TASK GOAL
Repeat every line of the data exactly, but not the pictures.

DATA BLOCK
- - -
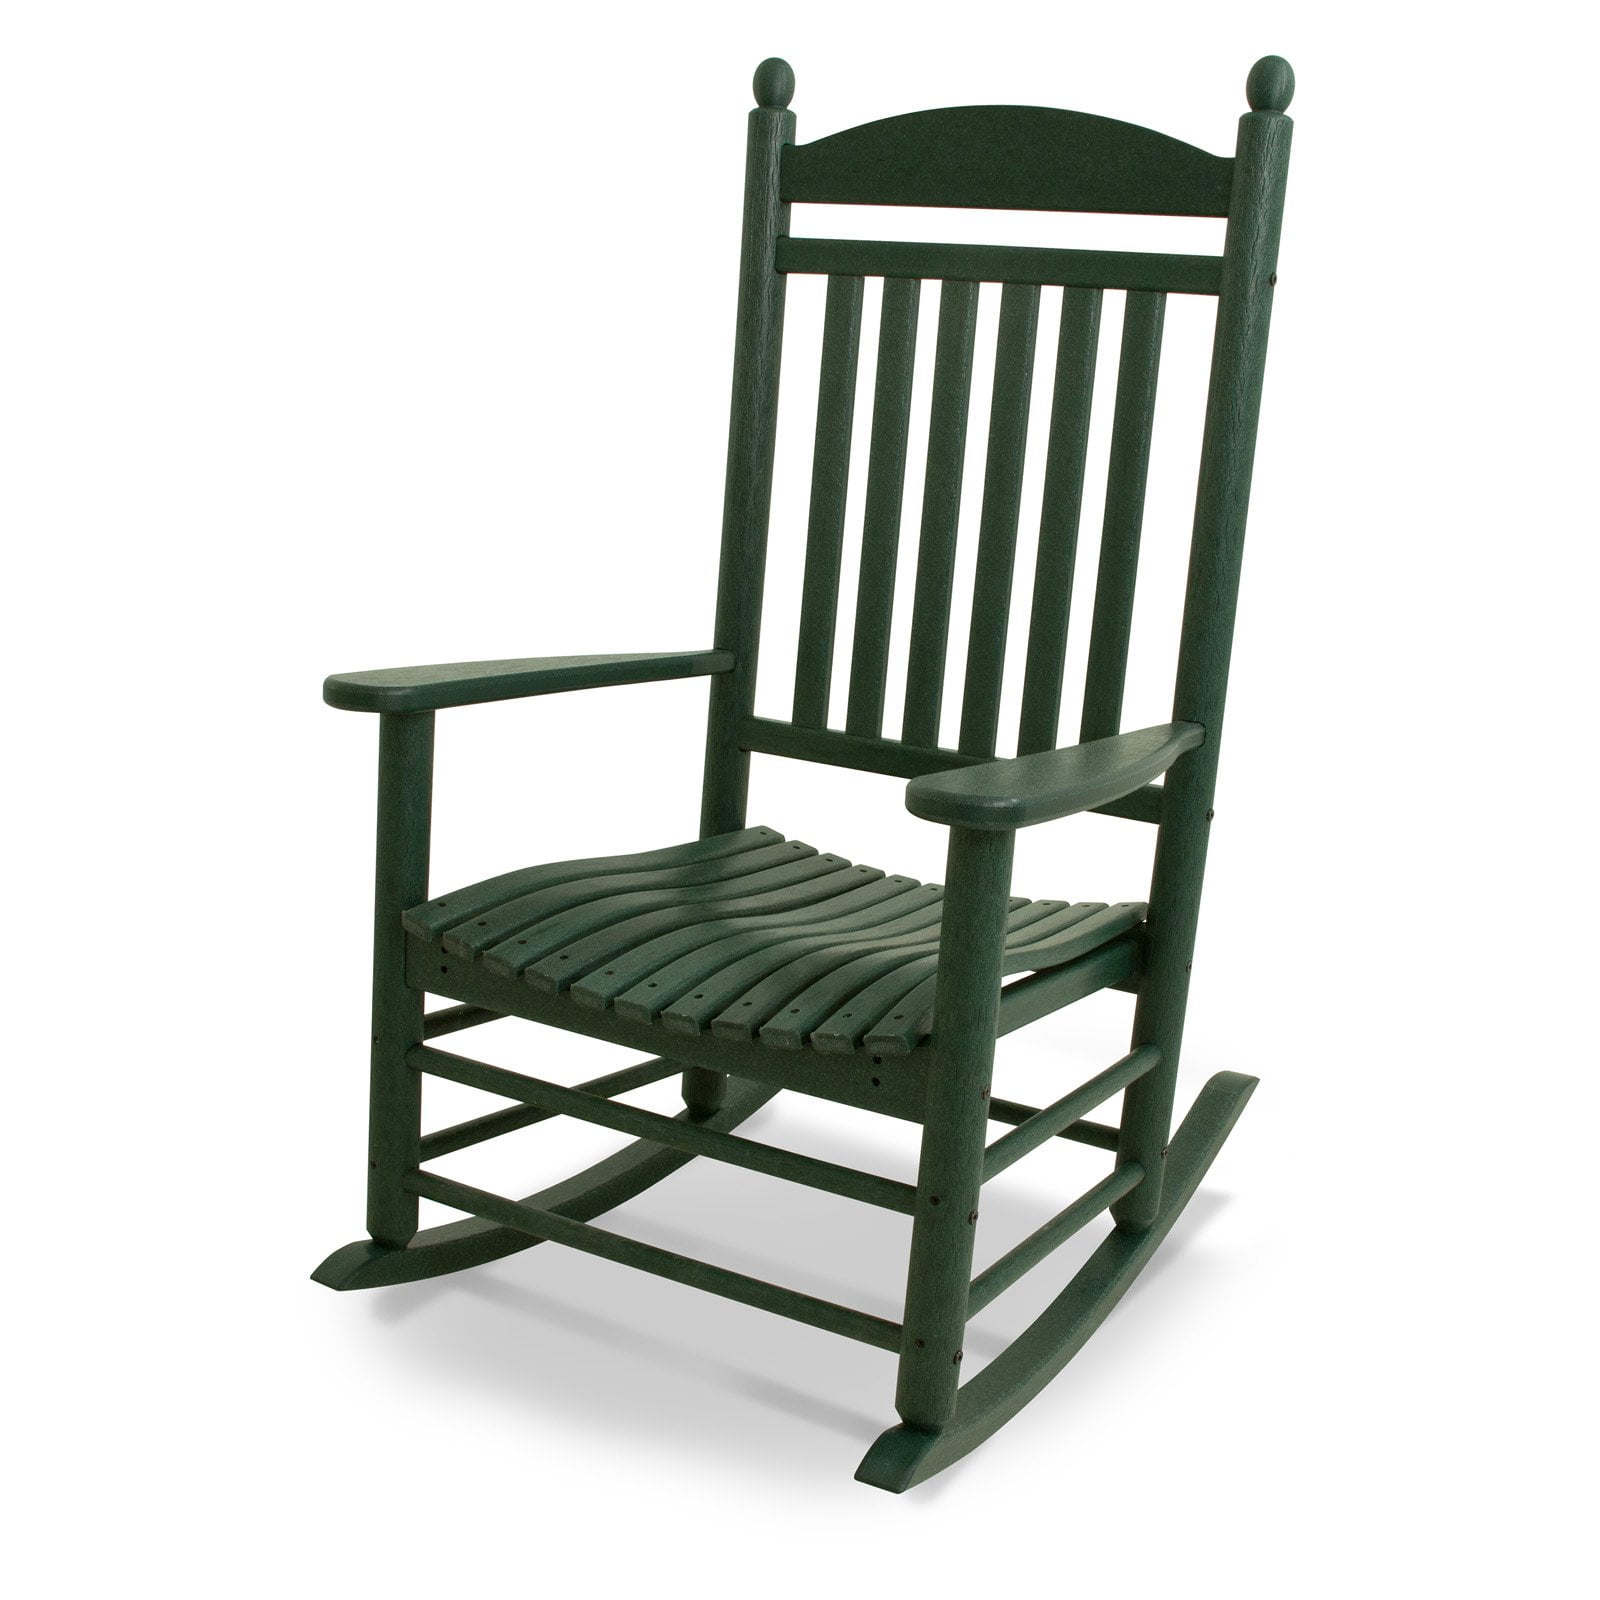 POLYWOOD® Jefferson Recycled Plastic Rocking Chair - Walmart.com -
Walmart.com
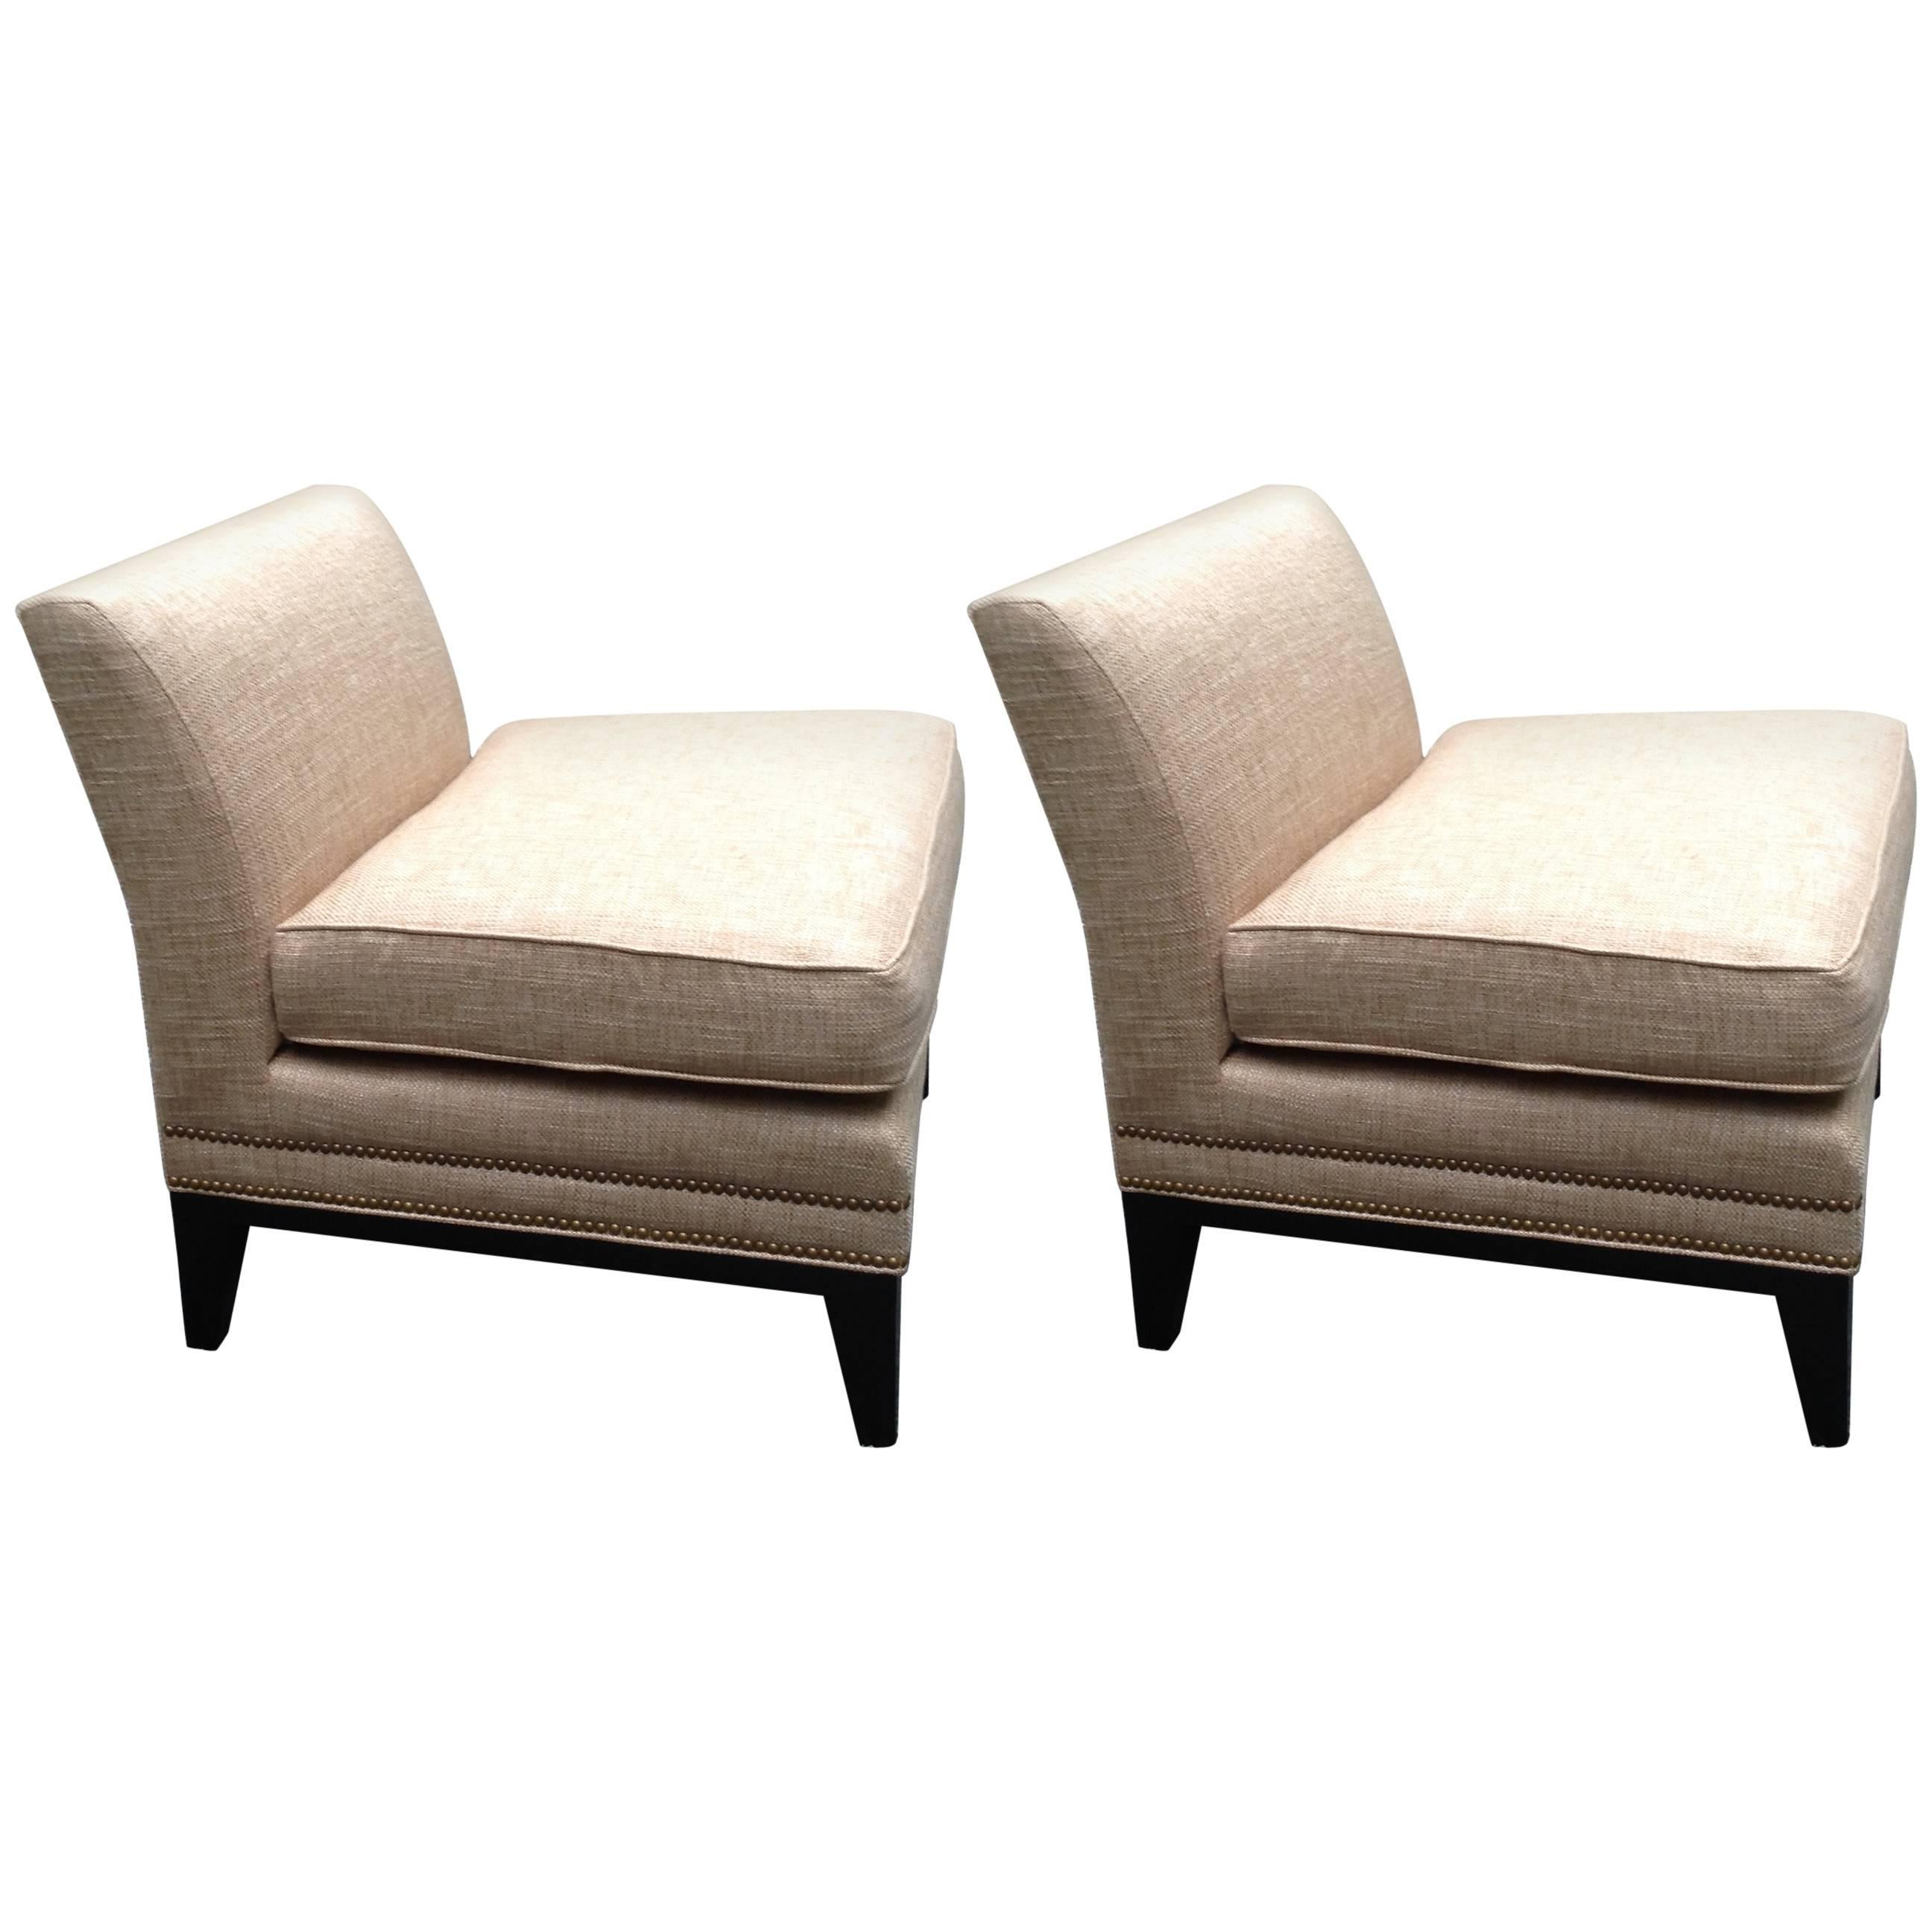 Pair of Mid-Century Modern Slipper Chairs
- - -
WRITTEN REPLY
 POLYWOOD® Jefferson Recycled Plastic Rocking Chair - Walmart.com -
Walmart.com
 Pair of Mid-Century Modern Slipper Chairs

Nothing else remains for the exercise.